Voer het standaard gateway adres in.
Het standaard gateway adres is het IP-adres van de host of router die wordt gebruikt als gateway bij het communiceren (afdrukken of informatie uitwisselen) met een computer op een ander netwerk.
Als u DHCP gebruikt, wordt het uit de DHCP-server verkregen standaard gateway adres gebruikt. Als het adres niet uit de DHCP-server kan worden opgehaald, wordt het standaard gateway adres gebruikt dat voor het apparaat is ingesteld.
Opmerking
Bepaal of de DNS-server moet worden gebruikt die van de DHCP-server werd verkregen, dan wel de DNS-server die werd ingesteld voor het apparaat.
[DNS Server1(DHCP)], [DNS Server2(DHCP)] en [DNS Server3](Automatisch verkrijgen (DHCP)) zijn toegankelijk in deze volgorde en de DNS-server die het eerst reageert, wordt gebruikt. [DNS Server1], [DNS Server2] en [DNS Server3](Specificeren) worden niet gebruikt.

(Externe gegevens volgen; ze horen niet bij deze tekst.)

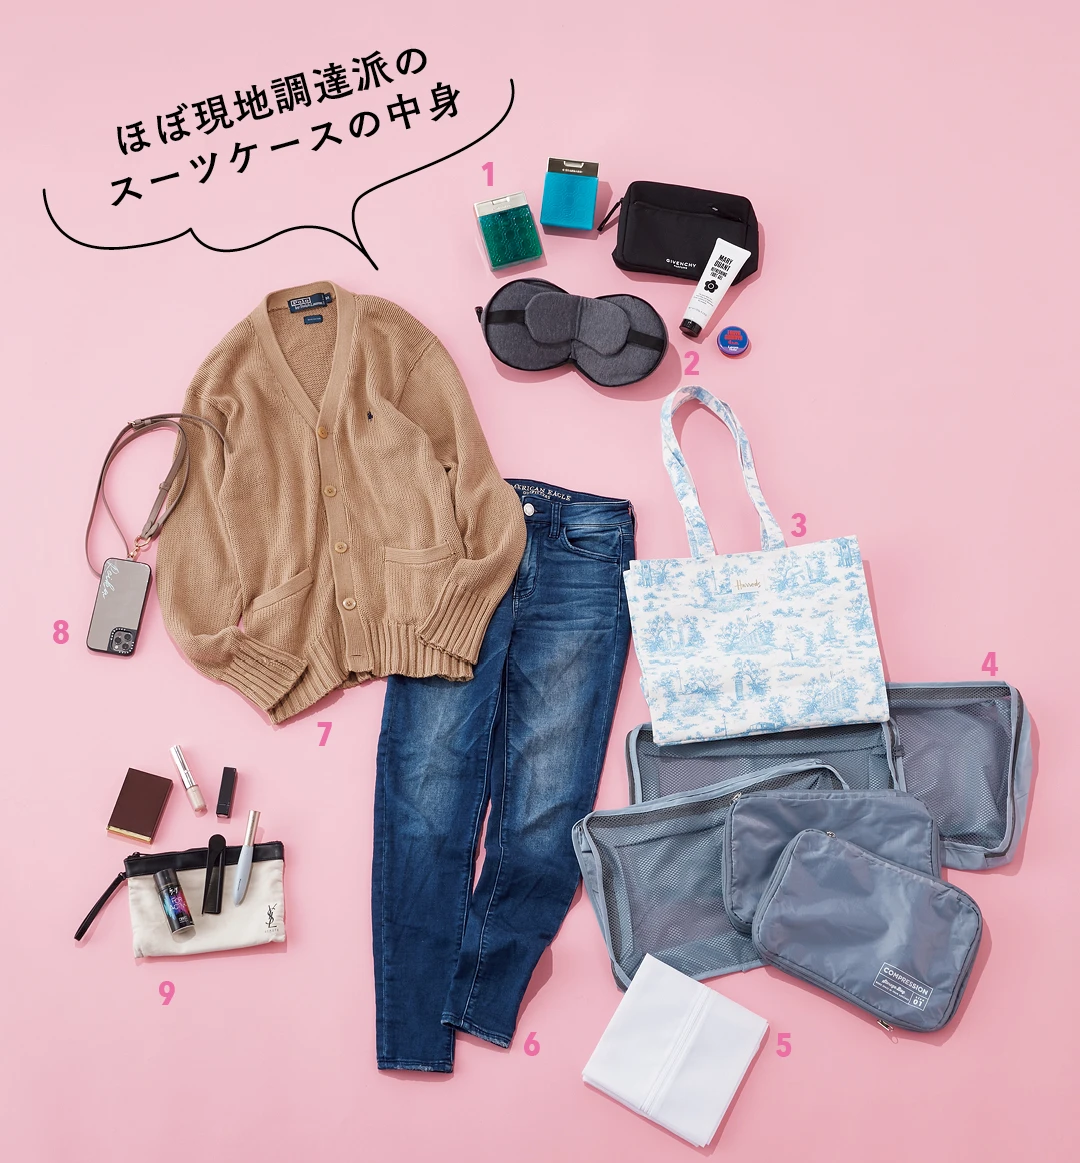 大学3年生 有賀怜香さんのスーツケースの中身メインカット-ほぼ現地調達派のスーツケースの中身

Zelfs als "Automatisch verkrijgen (DHCP)" geselecteerd is als DHCP niet wordt gebruikt, verloopt de procedure op dezelfde manier alsof "Specificeren" geselecteerd is.
[DNS Server1], [DNS Server2] en [DNS Server3] zijn toegankelijk in deze volgorde en de DNS-server die het eerst reageert, wordt gebruikt.
Het IP-adres van de uit de DHCP server verkregen eerste DNS-server verschijnt.
Het IP-adres van de uit de DHCP server verkregen tweede DNS-server verschijnt.
Voer het IP-adres van de DNS-server in dat u voor het apparaat wilt instellen.
Opmerking
Voer het IP-adres van de DNS-server in dat u voor het apparaat wilt instellen.
Opmerking
Geef voor elk protocol aan of u deze op "Actief" of "Inactief" wilt instellen.
Wanneer u afdrukt via WSD (Web Services on Devices) of IPP, geeft u de tijdsperiode op die het apparaat wacht op de taakgegevens voordat de taak wordt geannuleerd.
U kunt een time-outperiode opgeven van 30 tot 65535 seconden.
De standaardtime-outperiode is 900 seconden.
Geef aan of afdrukken via RHPP (Ricoh Host Print Protocol) moet worden ingeschakeld.
Klik hier om de momenteel weergegeven informatie bij te werken.
Opmerking
Klik hier om de instellingen door te voeren.
Klik hier om de instellingen te annuleren.